Artificial intelligence-powered chatbots are providing problematic medical guidance in roughly 50% of cases, according to a new study, raising concerns about the risks of relying on such tools for health information.
Researchers from the United States, Canada and the United Kingdom assessed five widely used platforms—ChatGPT, Gemini, Meta AI, Grok and DeepSeek—by posing 10 medical questions across five different health categories.
Their findings, published in the medical journal BMJ Open, showed that around half of all responses were considered problematic, including nearly 20% classified as highly problematic.
The study found that performance varied depending on the type of question. Chatbots performed better when responding to closed-ended queries and topics such as vaccines and cancer.
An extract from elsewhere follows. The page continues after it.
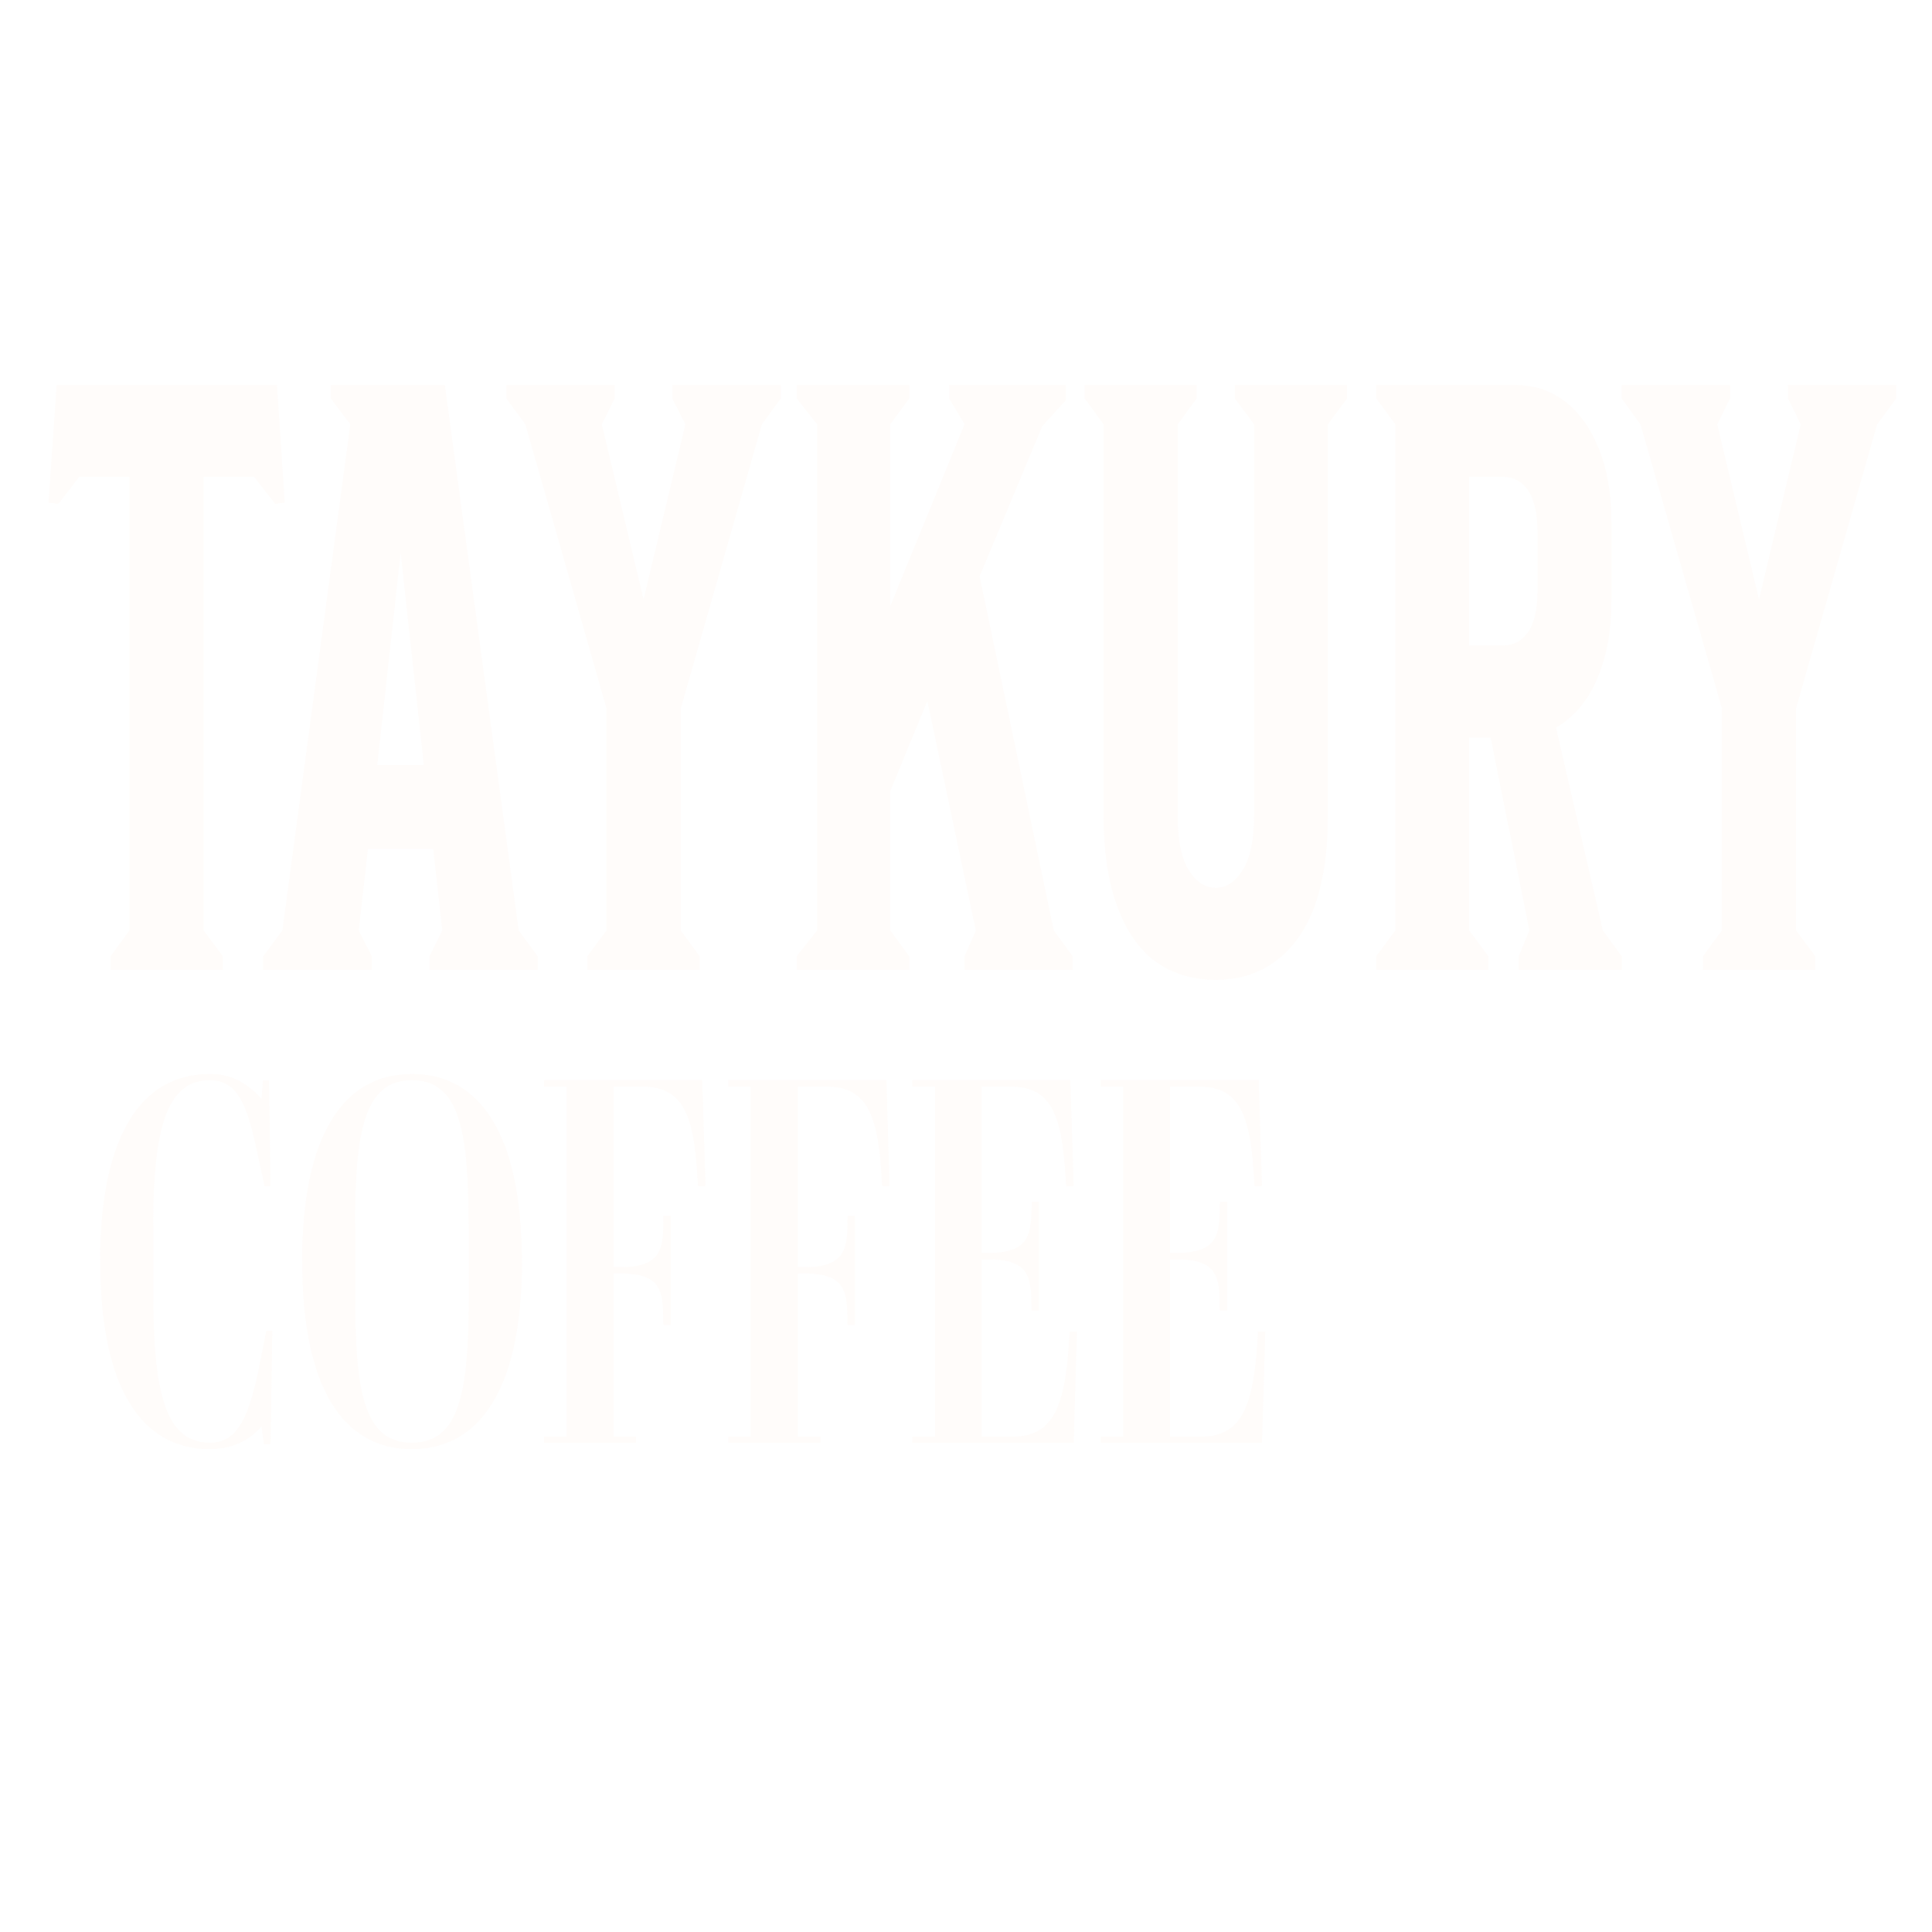 TAYKURY COFFEE

However, they were less accurate when handling open-ended questions and more complex areas like stem cell research and nutrition.
Researchers also noted that responses were often delivered with confidence, despite lacking clinical accuracy or proper referencing. None of the chatbots produced a fully complete and accurate reference list for any of the prompts tested.
Only two refusals to respond were recorded during the study, both from Meta AI, according to the researchers.
The findings underscore growing concerns about the use of generative AI tools in healthcare-related queries, particularly as these systems are not medically certified and lack the clinical expertise required for diagnosis or treatment advice.